DATA PROVIDED:

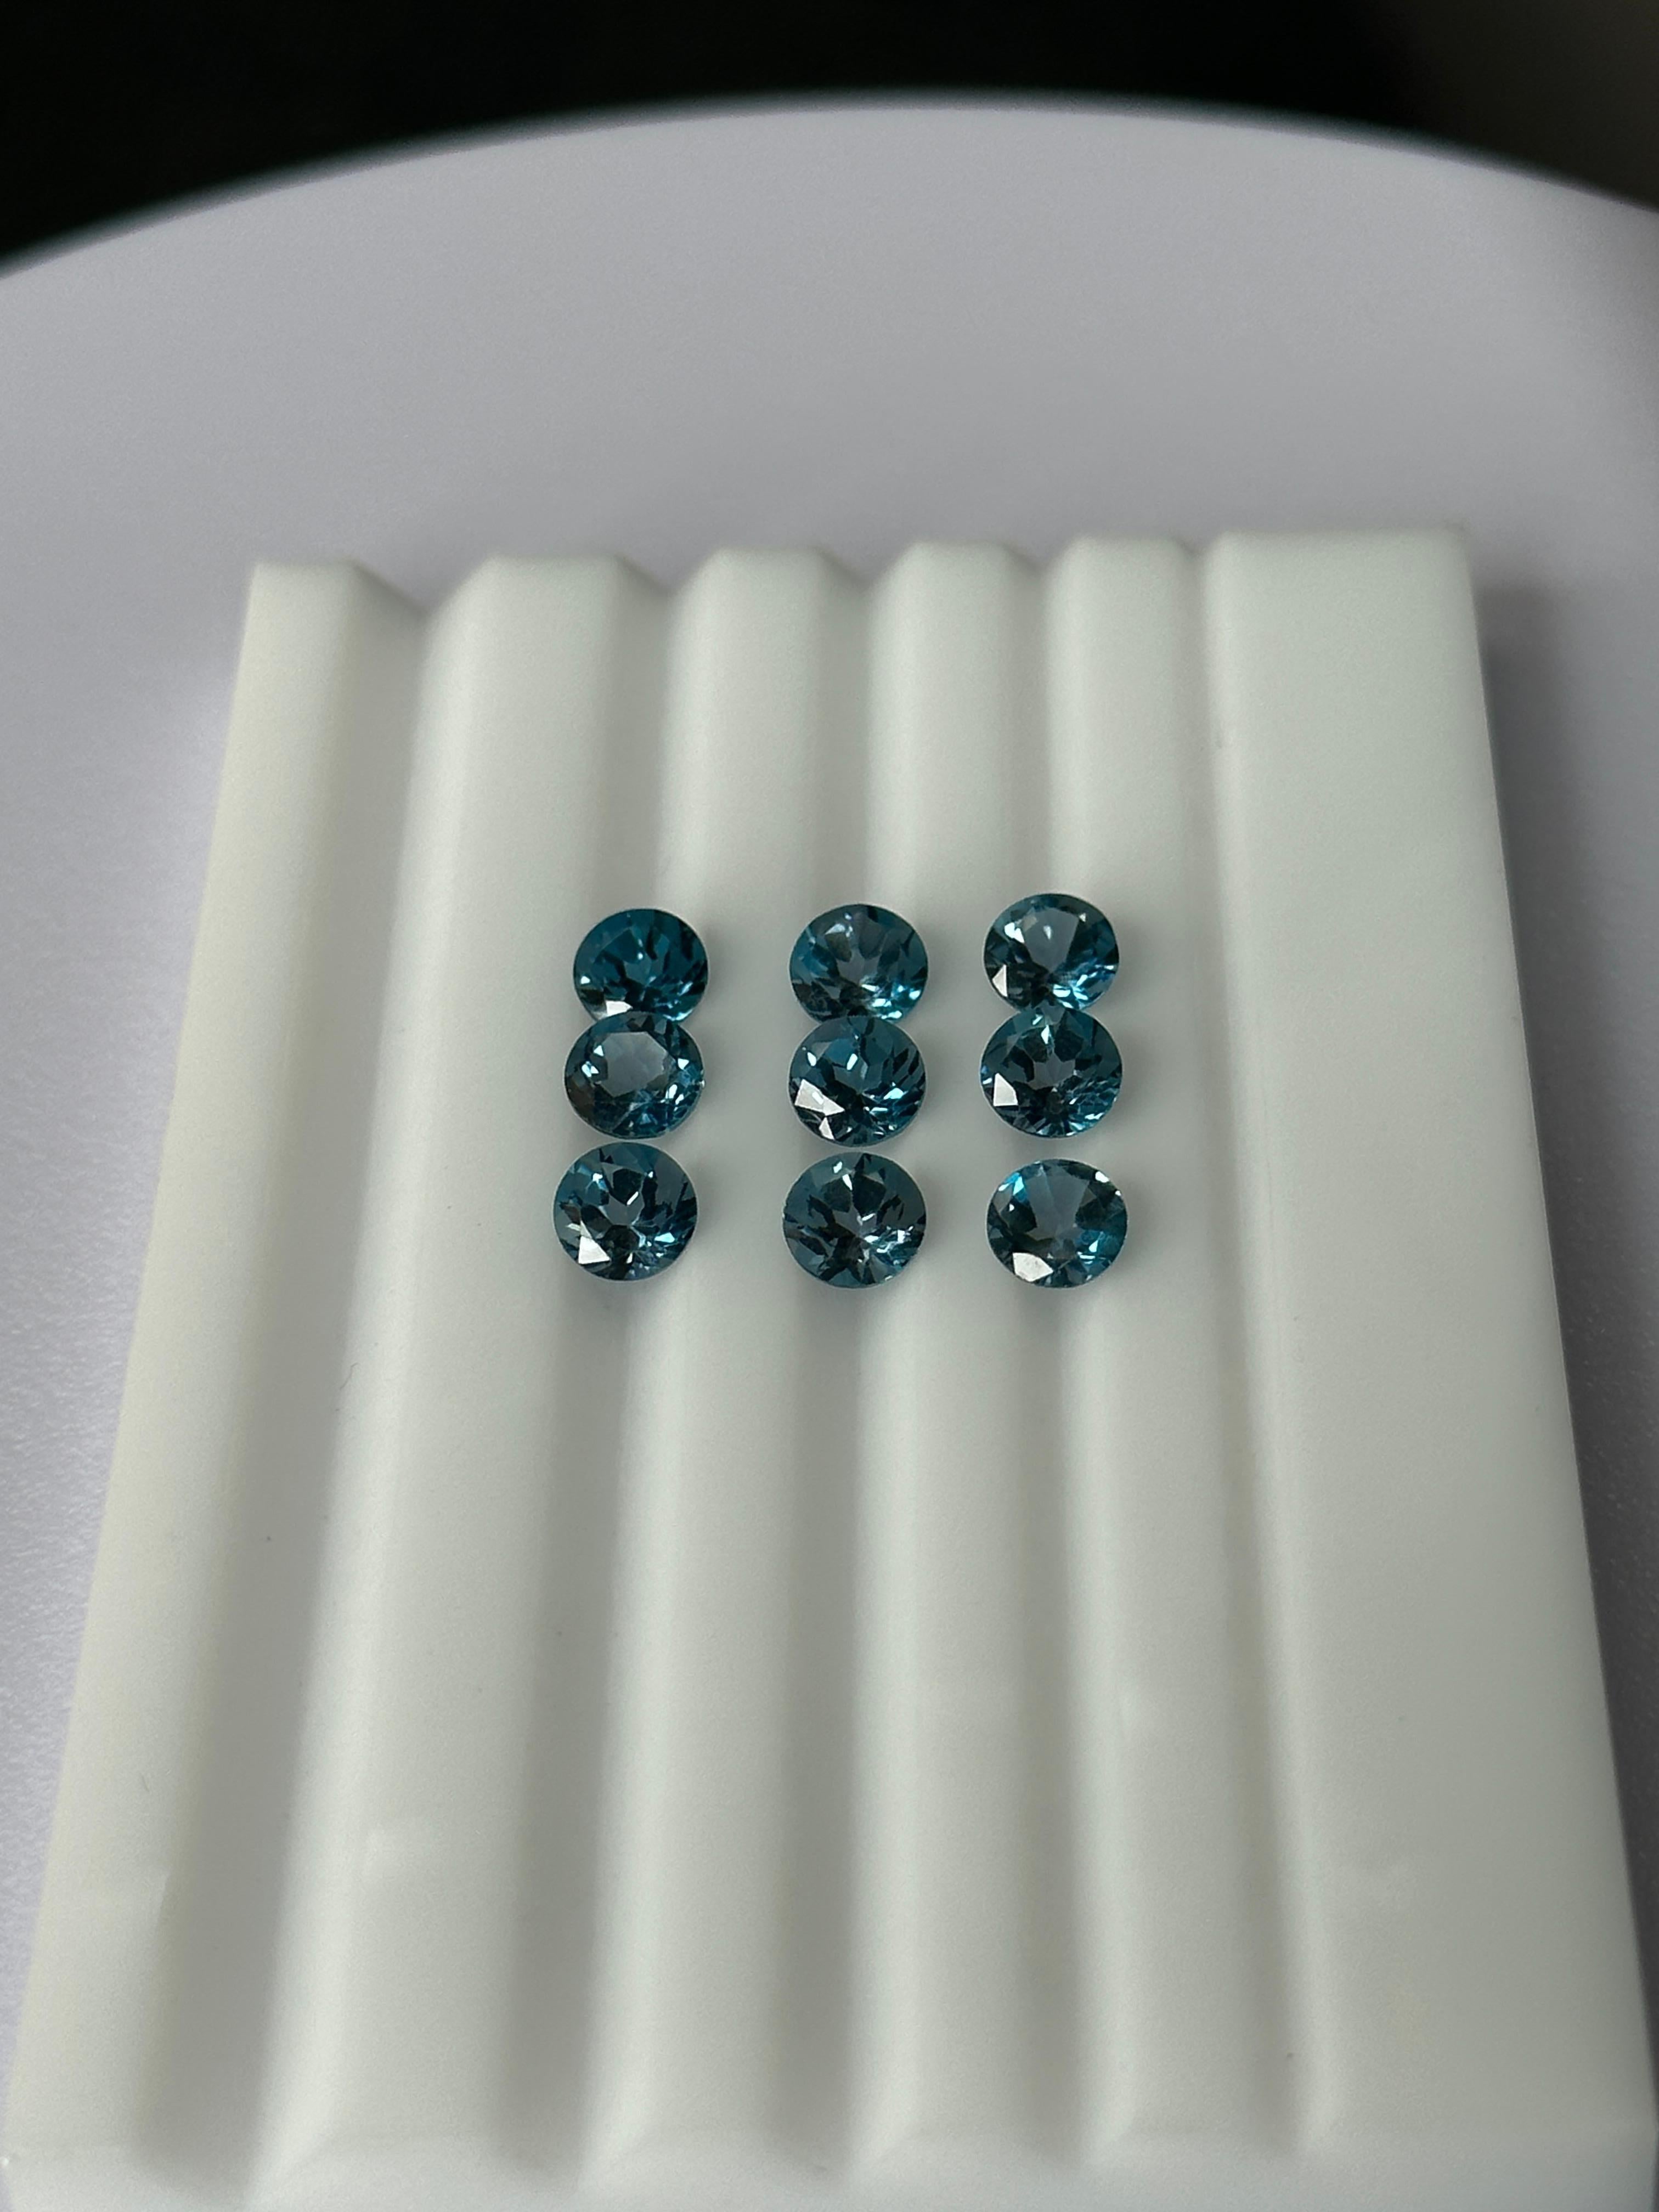 A Blue Topaz lot including 9 gems amounting to a total of 5.55 carats in weight.
These blue topazes fall into the London Blue category due to their darker tone and very slight greenish shade of blue.
Topaz is one of the most sought-out semiprecious

WHAT TO WORK ON: Start to finish, write out the data above exactly, omitting all pictures.

RESULT:
 A Blue Topaz lot including 9 gems amounting to a total of 5.55 carats in weight.
These blue topazes fall into the London Blue category due to their darker tone and very slight greenish shade of blue.
Topaz is one of the most sought-out semiprecious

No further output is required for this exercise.